Authored by spatel on May 12 2020, 12:48 PM.

Download Raw Diff

Details

Reviewers

nikic
lebedev.ri
efriedma
RKSimon

Summary

Given the limited range of potential vector transforms, this is an acceptable way to iterate? If this is or becomes too inefficient, we could use a worklist strategy like instcombine, but that would require altering more code. The motivation comes from PR42174:
https://bugs.llvm.org/show_bug.cgi?id=42174
...although we don't have the underlying scalarization-with-constant-operand fold yet. If we add that transform 1st, it would only scalarize 1 instruction instead of the entire chain of insert-insert-binops.

Diff Detail

Event Timeline

spatel created this revision.May 12 2020, 12:48 PM

Herald added a project: Restricted Project. · View Herald TranscriptMay 12 2020, 12:48 PM

Herald added subscribers: hiraditya, mcrosier. · View Herald Transcript

My only concern here would be whether this can degenerate quadratically. Without particular familiarity with this pass, and looking at example @ins1_ins1_iterate, it seems like this would work by scalarizing one operation on each iteration. Is that right? If so, that seems potentially problematic, as the pass becomes quadratic for longer instruction chains.

lebedev.ri mentioned this in D79078: [VectorCombine] Leave reduction operation to SLP.May 15 2020, 10:21 AM

In D79799#2038887, @nikic wrote:

My only concern here would be whether this can degenerate quadratically.

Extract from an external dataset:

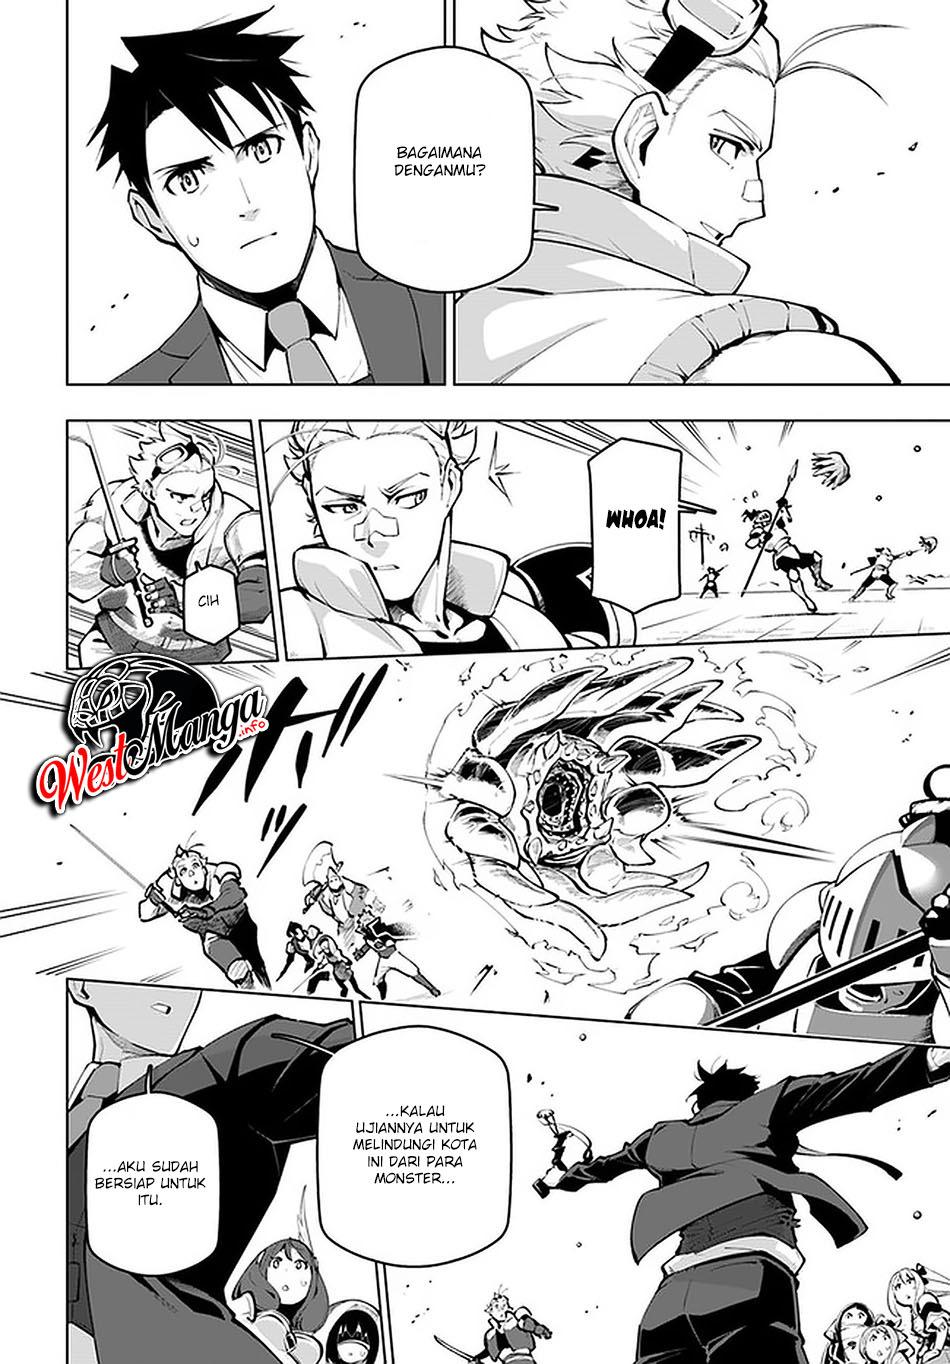 Sekai Saikyou no Kouei: Meikyuukoku no Shinjin Tansakusha: Chapter 19 - Page 15

Without particular familiarity with this pass, and looking at example @ins1_ins1_iterate, it seems like this would work by scalarizing one operation on each iteration. Is that right? If so, that seems potentially problematic, as the pass becomes quadratic for longer instruction chains.

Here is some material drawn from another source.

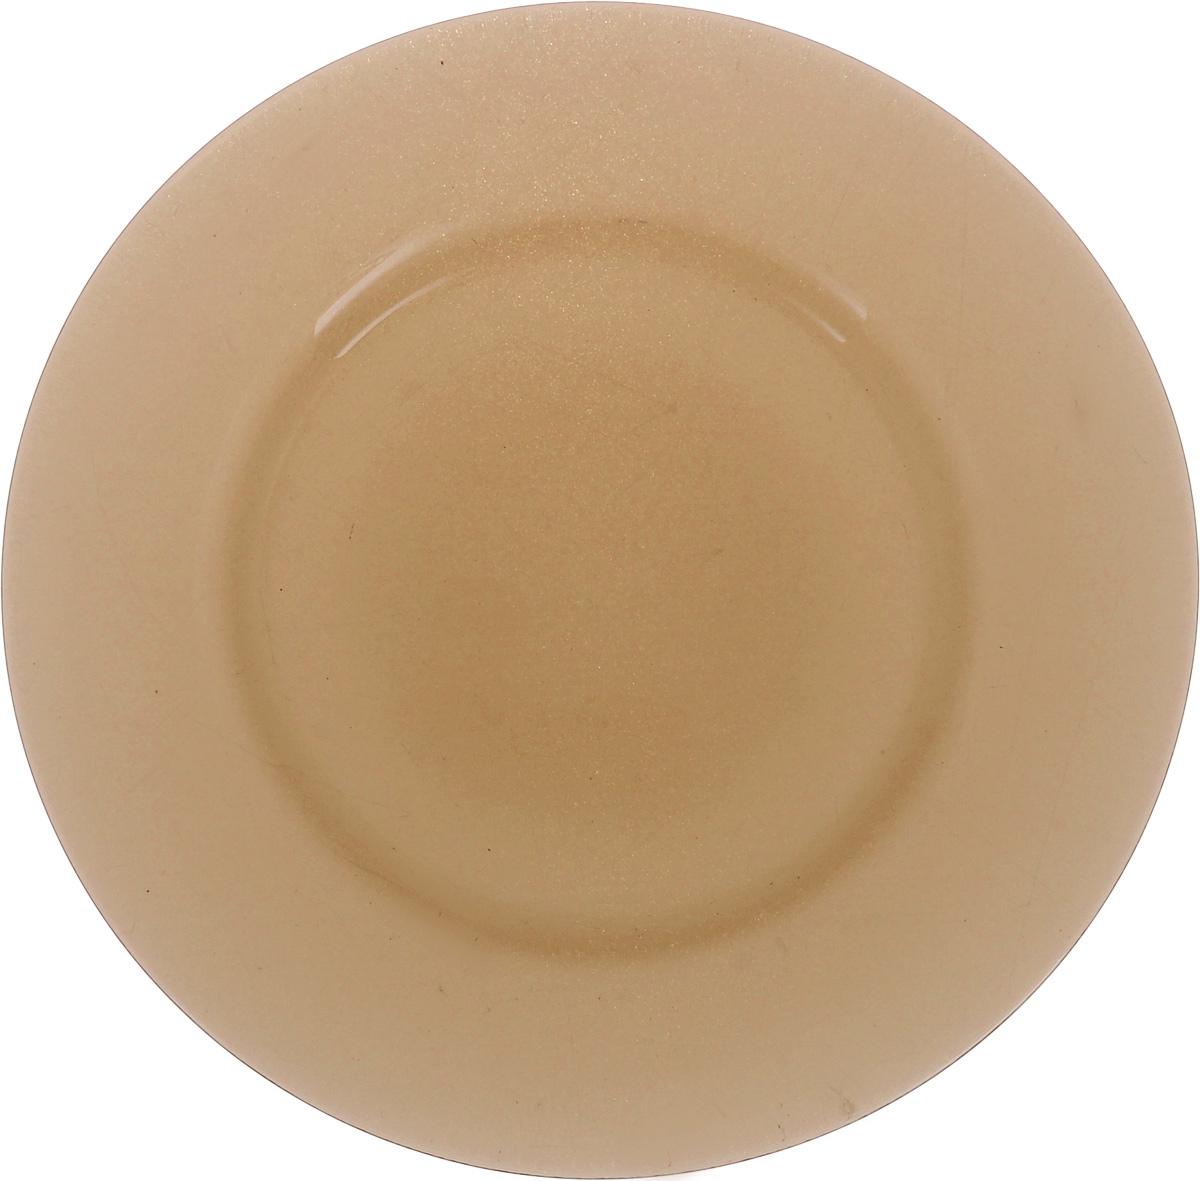 Тарелка обеденная Luminarc Directoire Eclipse, 25 смH0075Обеденная тарелка Luminarc Directoire Eclipse, изготовленная из высококачественного стекла,имеет изысканный внешний вид. Яркий дизайн придется по вкусу и ценителям классики,и тем, кто предпочитает утонченность. Тарелка Luminarc Directoire Eclipse идеально подойдет для сервировкистола и станет отличным подарком к любому празднику.Диаметр (по верхнему краю): 25 см.Высота тарелки: 2 см.

Yes, in the worst case it could become quadratic, and you're seeing the test correctly. I think we could undo the reverse basic-block walk in this patch to make that particular case more efficient.

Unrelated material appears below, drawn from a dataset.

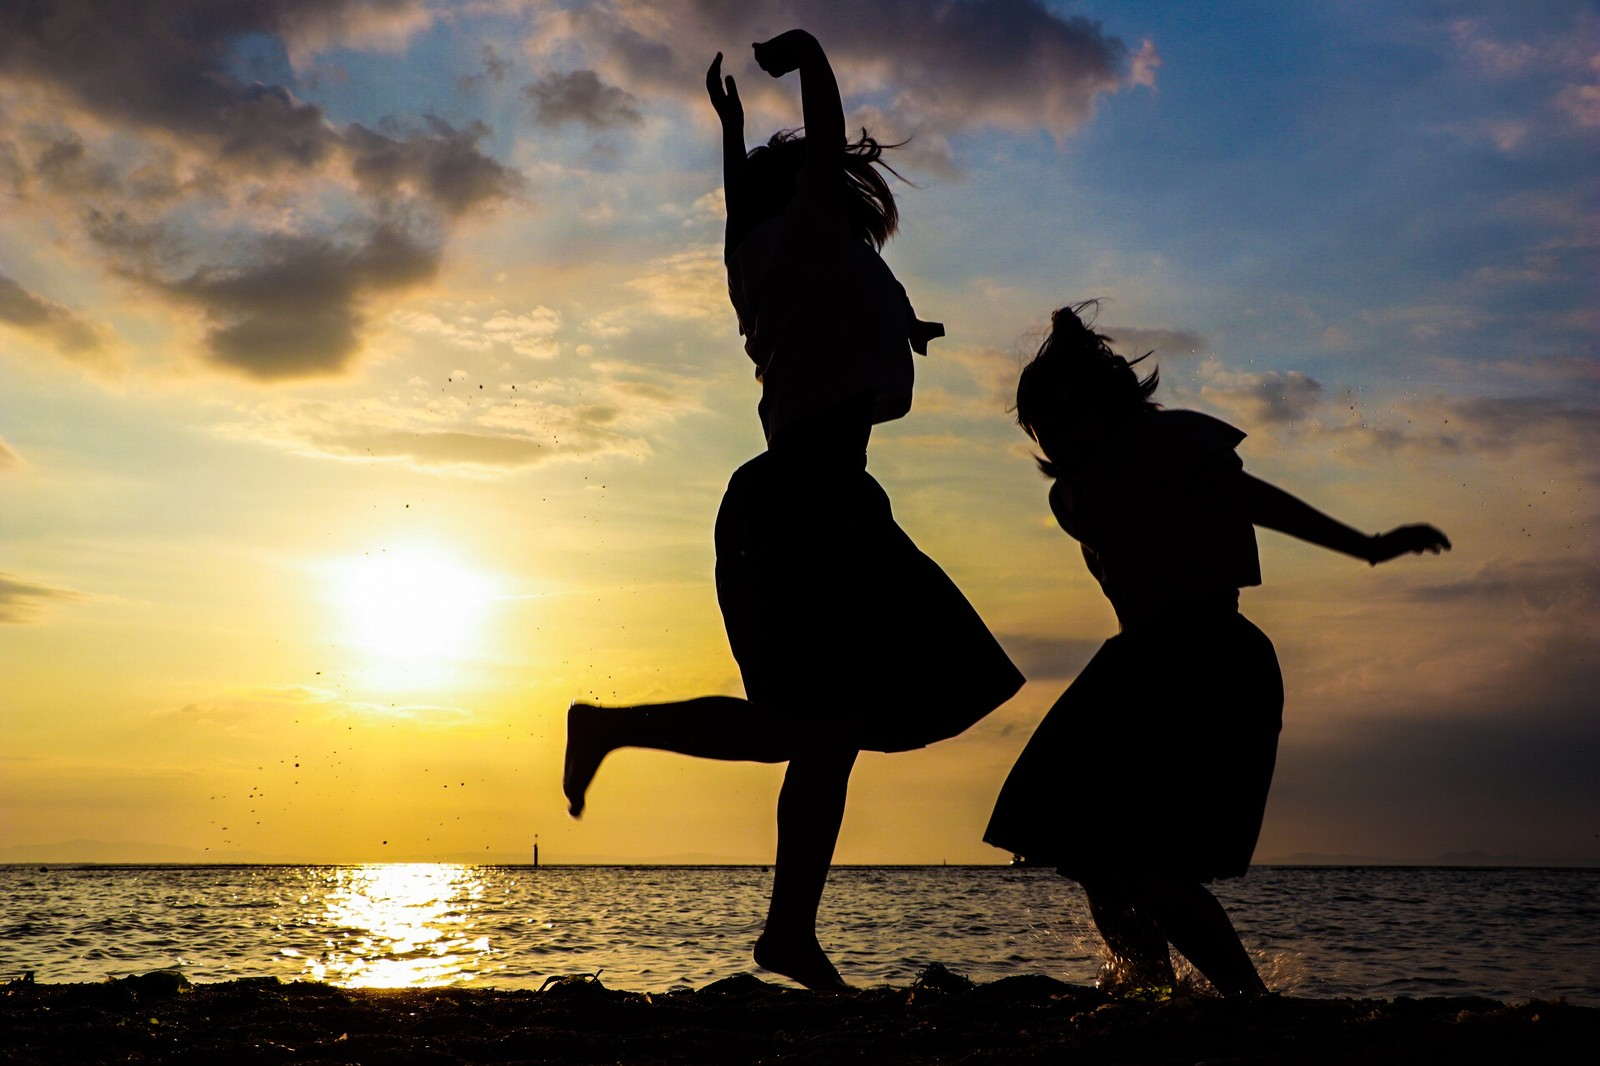 「焼けた空と浜辺で歓喜する二人のシルエット」の写真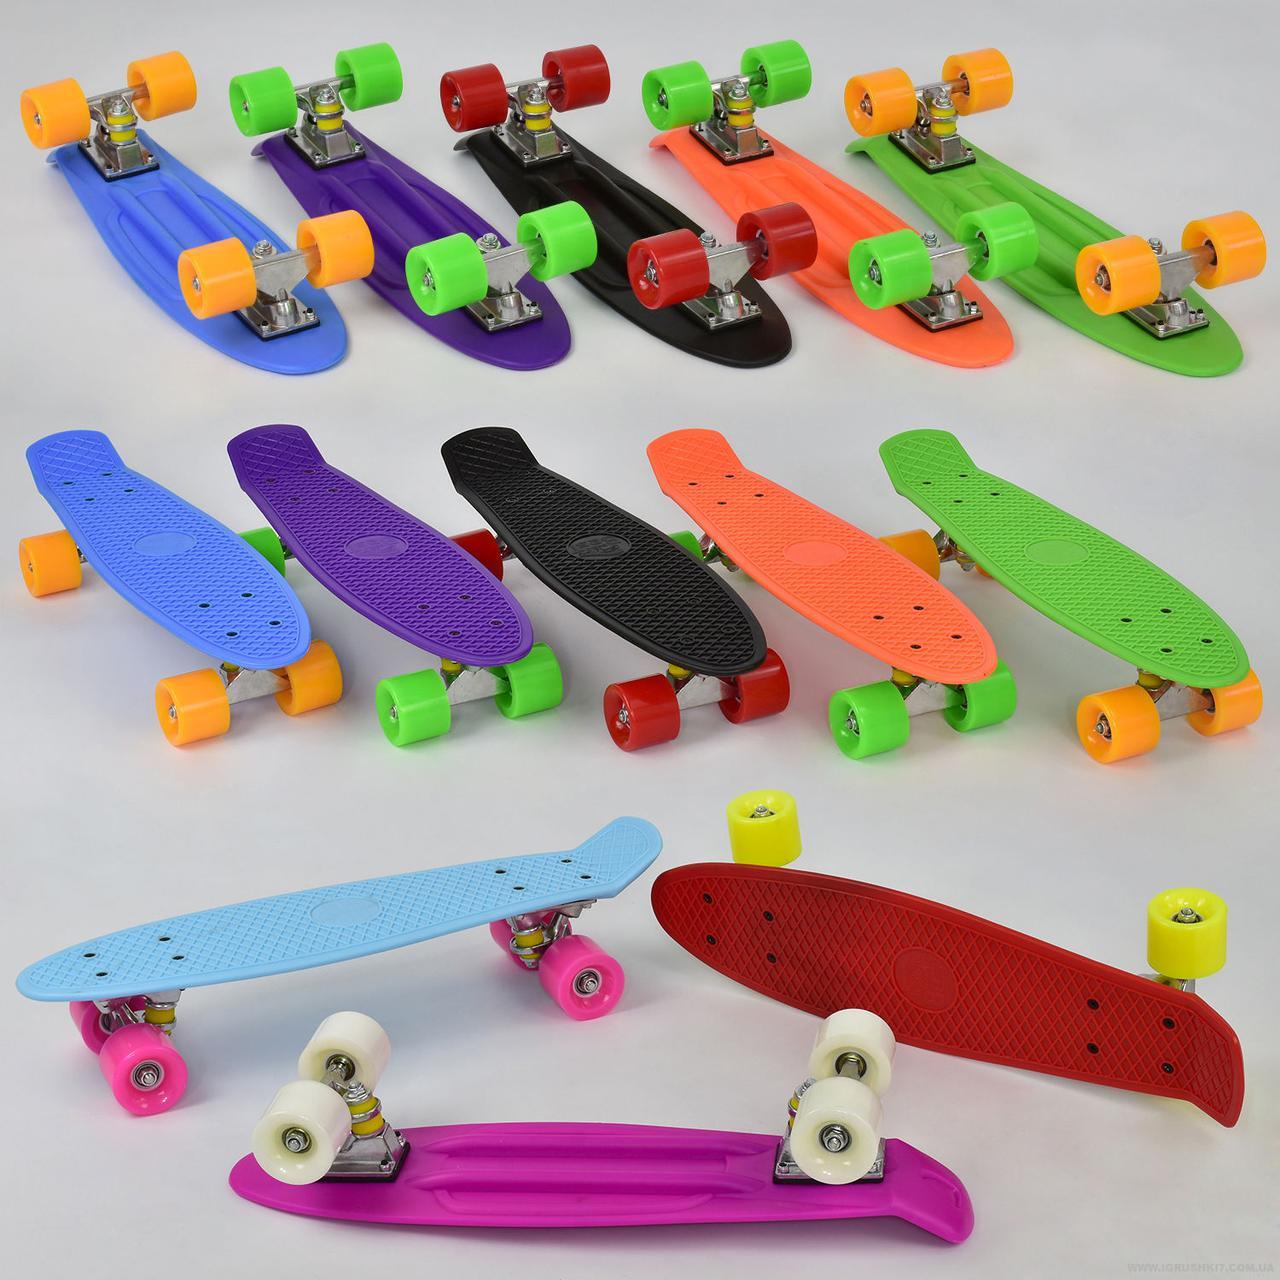 Скейт Пенни Борд (Penny Board) матовые колеса. 22 дюйма. 8 цветов

If I'm seeing it correctly, other iterative passes like SimplifyCFG and CodeGenPrepare allow for quadratic-time possibility too. I'm not sure if there's a theoretical way to draw the line on that, or if we just accept that potential risk (assume that anything this pass will ever do is rare, so it can't be too expensive). As I wrote in the description, I think the alternative is to revise things to be more like InstCombine's user-based worklist. We could also put in a cl::opt flag to bail out and/or assert if we go overboard. Any other suggestions?

In D79799#2039039, @spatel wrote:

In D79799#2038887, @nikic wrote:

My only concern here would be whether this can degenerate quadratically. Without particular familiarity with this pass, and looking at example @ins1_ins1_iterate, it seems like this would work by scalarizing one operation on each iteration. Is that right? If so, that seems potentially problematic, as the pass becomes quadratic for longer instruction chains.

Yes, in the worst case it could become quadratic, and you're seeing the test correctly. I think we could undo the reverse basic-block walk in this patch to make that particular case more efficient.

Speaking of which: If I replace this with a forward walk, then the ins1_ins1_iterate test folds, and there are no other test changes in VectorCombine or PhaseOrdering. If there are cases that benefit from the backwards walk, there doesn't seem to be test coverage for them.

If I'm seeing it correctly, other iterative passes like SimplifyCFG and CodeGenPrepare allow for quadratic-time possibility too. I'm not sure if there's a theoretical way to draw the line on that, or if we just accept that potential risk (assume that anything this pass will ever do is rare, so it can't be too expensive). As I wrote in the description, I think the alternative is to revise things to be more like InstCombine's user-based worklist. We could also put in a cl::opt flag to bail out and/or assert if we go overboard. Any other suggestions?

I agree that this is unlikely to become a problem in practice for this pass, because vector code is uncommon. And you are right that this problem also exists in other passes, though it is probably not always as easy to find actually quadratic cases. Personally I'm fine with your approach here, and we can always pivot to a worklist if necessary. Though per my comment above, it seems like for now just flipping the iteration order might be sufficient.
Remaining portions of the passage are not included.